Goods-producing employment — C
The decrease in manufacturing jobs as a percentage of the overall workforce helps diversify almost any metro economy. The percentage of manufacturing jobs in the overall workforce was 17.2% in September 2012, unchanged from the 17.2% in September 2011.
This measure speaks to the risk in a local economy from being heavily weighted toward sectors that have been under economic pressure. One of the fundamental principles of reducing risk is diversification.
Metro area Unemployment rate — B+
The area unemployment rate, an important gauge in the health of the metro labor market, posted declines in the first quarter. Unemployment in September was estimated at 4.9%, compared to 6% in September 2011.
Like non-farm employment, the local unemployment rate is also often quoted. Increases in the unemployment rate are correlated with declines in consumer confidence. The unemployment rate is an important gauge of the health of the local labor market.
Sales and Use tax collections — C
Sales tax collections in the region have shown relatively steady gains since 2010. The tax collections, which are good indicators of regional consumer confidence, were up in Benton, Madison and Washington counties to $6.703 million during August 2012 — compared to $6.256 million in August 2011.
Sales and use tax collections provide an insight into both the total income and change in total income in an area as well as how consumers are responding to new information about the health of the national and local economy. Obviously, this measure is tied to retail activity.
Building Permit (housing) valuation — B+
The total value of permits issued in the first quarter (measured in a three-month rolling average) were higher than those in the third quarter of 2011. The rolling average in September was $27.791 million, ahead of the $22.784 million in September 2011.
Residential building is an indicator of current and expected population growth.
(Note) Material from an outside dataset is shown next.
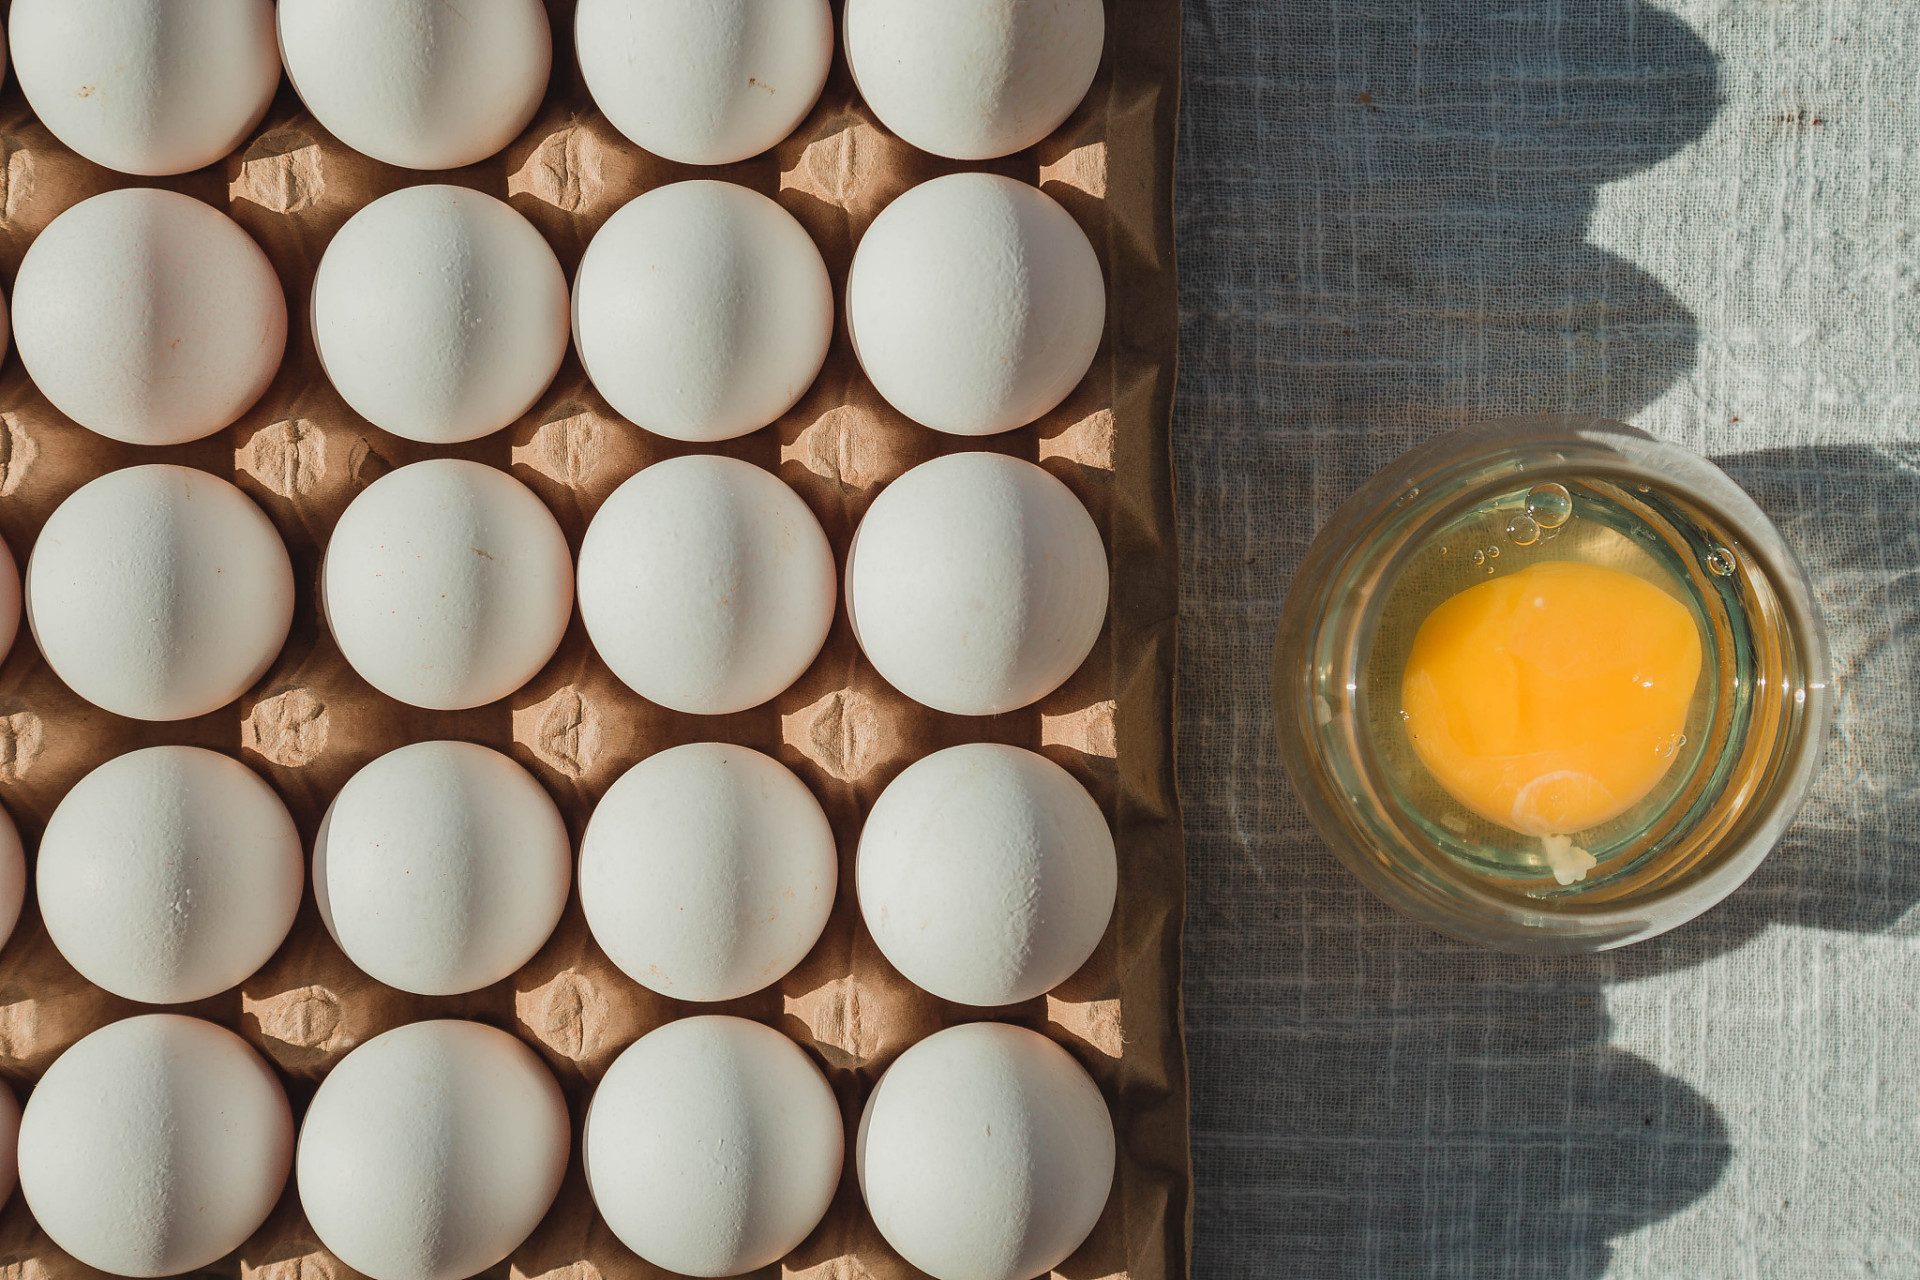 人造鸡蛋确实存在,但由于成本过高,以及营养方面也不如真鸡蛋,所以

As new households are created they induce growth in retail, education services, health care services and other types of businesses that provide goods and services to households. Also, new construction provides employment and tax revenues.
Hospitality employment — B-
Hospitality employment in Northwest Arkansas has trended positive for several quarters. September 2012 saw 20,400 jobs in the regional hospitality sector, up from the 19,200 jobs in September 2011.
Growth in the hospitality and leisure sector as measured by growth in employment is included because of the emphasis on creating quality of place in local economic development initiatives.
Unlike enplanements/deplanements, which August or August not be tied to activity in restaurants, hotels, and cultural venues, hospitality and leisure employment most certainly are influenced by growth of these activities. Another possible measure is hospitality-related tax collections.
Manufacturing employment — B
Manufacturing employment in the region showed signs of stability during the quarter. Sector employment in September 2012 was 28,000, up from the 27,300 during September 2011. Employment in the sector is down more than 18% from more than a decade ago when January 2002 manufacturing employment in the metro area stood at 34,300.
Construction employment — C+
This sector, which includes mining/natural resources employment, saw gains in employment compared to the third quarter of 2011, ending September with 8,000 jobs, up over the 7,800 jobs in September 2011.
The rationale for including construction employment is similar to that for building permits. The employment measure is influenced by changes in both the residential and commercial real estate markets.
Obviously, new space implies new residents and new businesses.